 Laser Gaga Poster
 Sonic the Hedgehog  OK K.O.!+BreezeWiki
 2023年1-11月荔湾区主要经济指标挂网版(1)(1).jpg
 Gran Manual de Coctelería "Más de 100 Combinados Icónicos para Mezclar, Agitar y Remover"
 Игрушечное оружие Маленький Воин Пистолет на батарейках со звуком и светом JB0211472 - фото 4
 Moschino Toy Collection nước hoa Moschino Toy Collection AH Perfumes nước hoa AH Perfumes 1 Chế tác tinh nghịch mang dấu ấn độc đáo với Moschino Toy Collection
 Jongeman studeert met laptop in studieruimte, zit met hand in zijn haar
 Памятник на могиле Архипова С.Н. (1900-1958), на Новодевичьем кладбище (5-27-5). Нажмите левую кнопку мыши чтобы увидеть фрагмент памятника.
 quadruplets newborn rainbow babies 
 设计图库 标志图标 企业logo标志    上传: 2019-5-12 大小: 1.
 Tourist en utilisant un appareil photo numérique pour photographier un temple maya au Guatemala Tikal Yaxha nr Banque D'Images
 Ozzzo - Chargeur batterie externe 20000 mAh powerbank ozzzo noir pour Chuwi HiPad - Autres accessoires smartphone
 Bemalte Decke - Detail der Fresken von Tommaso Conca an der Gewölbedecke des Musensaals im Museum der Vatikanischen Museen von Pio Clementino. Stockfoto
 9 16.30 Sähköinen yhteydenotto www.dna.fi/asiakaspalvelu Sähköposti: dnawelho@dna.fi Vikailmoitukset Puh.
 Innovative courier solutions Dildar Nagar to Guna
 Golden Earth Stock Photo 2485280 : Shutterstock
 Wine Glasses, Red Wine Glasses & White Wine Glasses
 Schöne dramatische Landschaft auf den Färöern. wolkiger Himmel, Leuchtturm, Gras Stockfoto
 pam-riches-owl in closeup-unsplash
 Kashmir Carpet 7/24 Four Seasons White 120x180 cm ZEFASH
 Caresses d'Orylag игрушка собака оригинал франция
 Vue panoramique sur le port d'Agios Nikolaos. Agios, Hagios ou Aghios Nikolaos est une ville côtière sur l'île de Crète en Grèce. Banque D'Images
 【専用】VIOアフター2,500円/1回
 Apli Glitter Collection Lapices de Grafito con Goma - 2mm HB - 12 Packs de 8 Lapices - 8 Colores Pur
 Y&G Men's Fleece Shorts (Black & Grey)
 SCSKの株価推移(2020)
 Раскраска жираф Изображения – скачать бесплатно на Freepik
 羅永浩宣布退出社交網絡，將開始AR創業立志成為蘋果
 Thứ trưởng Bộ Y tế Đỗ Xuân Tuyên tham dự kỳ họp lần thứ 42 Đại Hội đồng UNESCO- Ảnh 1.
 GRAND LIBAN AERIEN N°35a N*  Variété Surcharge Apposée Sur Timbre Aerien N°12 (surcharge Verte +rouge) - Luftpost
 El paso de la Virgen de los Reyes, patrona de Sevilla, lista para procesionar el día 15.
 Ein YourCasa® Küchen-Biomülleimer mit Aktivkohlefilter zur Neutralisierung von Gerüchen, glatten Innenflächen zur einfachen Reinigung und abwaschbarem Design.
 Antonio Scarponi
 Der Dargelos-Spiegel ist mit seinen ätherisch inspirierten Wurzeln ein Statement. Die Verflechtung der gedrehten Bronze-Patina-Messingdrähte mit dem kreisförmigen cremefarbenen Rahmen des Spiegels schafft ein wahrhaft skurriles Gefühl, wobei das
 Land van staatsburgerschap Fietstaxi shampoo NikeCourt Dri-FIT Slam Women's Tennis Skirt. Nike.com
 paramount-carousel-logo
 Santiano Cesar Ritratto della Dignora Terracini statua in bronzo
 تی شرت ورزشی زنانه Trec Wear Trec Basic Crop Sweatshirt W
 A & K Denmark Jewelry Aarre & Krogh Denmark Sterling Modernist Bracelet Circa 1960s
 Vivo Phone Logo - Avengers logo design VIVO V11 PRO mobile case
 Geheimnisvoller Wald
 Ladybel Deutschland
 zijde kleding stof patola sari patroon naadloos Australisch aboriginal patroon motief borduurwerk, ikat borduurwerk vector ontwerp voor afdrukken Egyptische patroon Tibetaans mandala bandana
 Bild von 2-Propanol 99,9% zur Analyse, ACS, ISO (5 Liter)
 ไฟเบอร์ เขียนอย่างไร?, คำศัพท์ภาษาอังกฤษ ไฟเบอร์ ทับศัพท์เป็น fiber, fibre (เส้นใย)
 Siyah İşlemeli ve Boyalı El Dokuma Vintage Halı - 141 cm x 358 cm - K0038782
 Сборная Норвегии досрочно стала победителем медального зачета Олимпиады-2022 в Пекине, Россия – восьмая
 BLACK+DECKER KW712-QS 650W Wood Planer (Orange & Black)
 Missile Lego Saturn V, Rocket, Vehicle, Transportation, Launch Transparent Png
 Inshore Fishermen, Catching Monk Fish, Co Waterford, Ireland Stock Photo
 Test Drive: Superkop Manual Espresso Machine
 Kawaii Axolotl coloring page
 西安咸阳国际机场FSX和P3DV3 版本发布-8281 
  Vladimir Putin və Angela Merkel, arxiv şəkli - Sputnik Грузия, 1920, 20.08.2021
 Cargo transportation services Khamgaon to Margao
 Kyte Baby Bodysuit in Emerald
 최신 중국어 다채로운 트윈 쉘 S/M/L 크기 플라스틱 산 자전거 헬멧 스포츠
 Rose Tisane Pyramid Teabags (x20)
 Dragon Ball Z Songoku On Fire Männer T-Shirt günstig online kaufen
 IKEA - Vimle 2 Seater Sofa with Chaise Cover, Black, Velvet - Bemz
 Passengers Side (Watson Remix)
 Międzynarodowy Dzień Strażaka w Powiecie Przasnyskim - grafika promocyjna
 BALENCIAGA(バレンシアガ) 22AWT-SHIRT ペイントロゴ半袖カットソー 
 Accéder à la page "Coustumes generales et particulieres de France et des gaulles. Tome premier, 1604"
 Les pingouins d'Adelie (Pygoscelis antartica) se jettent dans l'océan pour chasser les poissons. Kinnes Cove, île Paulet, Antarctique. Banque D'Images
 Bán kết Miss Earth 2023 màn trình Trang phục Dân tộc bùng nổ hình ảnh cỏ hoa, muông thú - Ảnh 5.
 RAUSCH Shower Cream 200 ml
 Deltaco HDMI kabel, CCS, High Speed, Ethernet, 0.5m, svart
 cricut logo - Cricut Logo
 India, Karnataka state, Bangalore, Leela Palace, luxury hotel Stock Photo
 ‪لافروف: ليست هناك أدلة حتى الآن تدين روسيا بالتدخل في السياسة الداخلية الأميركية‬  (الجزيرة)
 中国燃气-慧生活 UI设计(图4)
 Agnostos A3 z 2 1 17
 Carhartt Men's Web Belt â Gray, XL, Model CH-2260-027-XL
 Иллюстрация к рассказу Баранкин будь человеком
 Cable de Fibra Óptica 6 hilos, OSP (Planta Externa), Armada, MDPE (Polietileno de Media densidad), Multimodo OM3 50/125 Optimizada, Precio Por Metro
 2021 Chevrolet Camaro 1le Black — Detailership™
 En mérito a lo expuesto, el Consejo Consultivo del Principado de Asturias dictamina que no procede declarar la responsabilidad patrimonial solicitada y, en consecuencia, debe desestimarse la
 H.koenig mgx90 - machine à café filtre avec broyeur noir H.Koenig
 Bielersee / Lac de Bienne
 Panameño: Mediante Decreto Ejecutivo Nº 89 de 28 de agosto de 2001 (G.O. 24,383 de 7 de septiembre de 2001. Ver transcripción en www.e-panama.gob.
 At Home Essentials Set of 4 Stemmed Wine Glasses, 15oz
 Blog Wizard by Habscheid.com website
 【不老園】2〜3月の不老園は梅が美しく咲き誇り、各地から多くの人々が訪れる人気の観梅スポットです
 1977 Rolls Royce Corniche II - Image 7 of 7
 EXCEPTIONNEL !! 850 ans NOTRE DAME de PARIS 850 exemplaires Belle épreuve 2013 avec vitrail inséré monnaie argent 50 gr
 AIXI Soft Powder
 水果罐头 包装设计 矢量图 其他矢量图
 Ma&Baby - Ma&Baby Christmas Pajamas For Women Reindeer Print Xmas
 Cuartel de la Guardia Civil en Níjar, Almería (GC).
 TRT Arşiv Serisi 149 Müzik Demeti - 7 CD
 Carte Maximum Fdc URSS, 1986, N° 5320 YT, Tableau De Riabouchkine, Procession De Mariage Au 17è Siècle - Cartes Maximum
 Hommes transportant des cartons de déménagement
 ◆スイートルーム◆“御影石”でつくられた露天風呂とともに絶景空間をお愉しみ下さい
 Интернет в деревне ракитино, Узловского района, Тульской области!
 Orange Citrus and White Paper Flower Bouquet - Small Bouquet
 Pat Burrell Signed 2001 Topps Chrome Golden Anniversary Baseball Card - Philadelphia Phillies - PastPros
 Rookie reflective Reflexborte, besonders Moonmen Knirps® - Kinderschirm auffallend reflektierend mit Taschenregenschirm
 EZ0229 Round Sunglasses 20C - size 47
--------------------
## What the exercise asks
Each line from the start of the listing above through the line containing "Moschino Toy Collection nước" must be reproduced exactly. Leave out the rest.

## Solution below
 Laser Gaga Poster
 Sonic the Hedgehog  OK K.O.!+BreezeWiki
 2023年1-11月荔湾区主要经济指标挂网版(1)(1).jpg
 Gran Manual de Coctelería "Más de 100 Combinados Icónicos para Mezclar, Agitar y Remover"
 Игрушечное оружие Маленький Воин Пистолет на батарейках со звуком и светом JB0211472 - фото 4
 Moschino Toy Collection nước hoa Moschino Toy Collection AH Perfumes nước hoa AH Perfumes 1 Chế tác tinh nghịch mang dấu ấn độc đáo với Moschino Toy Collection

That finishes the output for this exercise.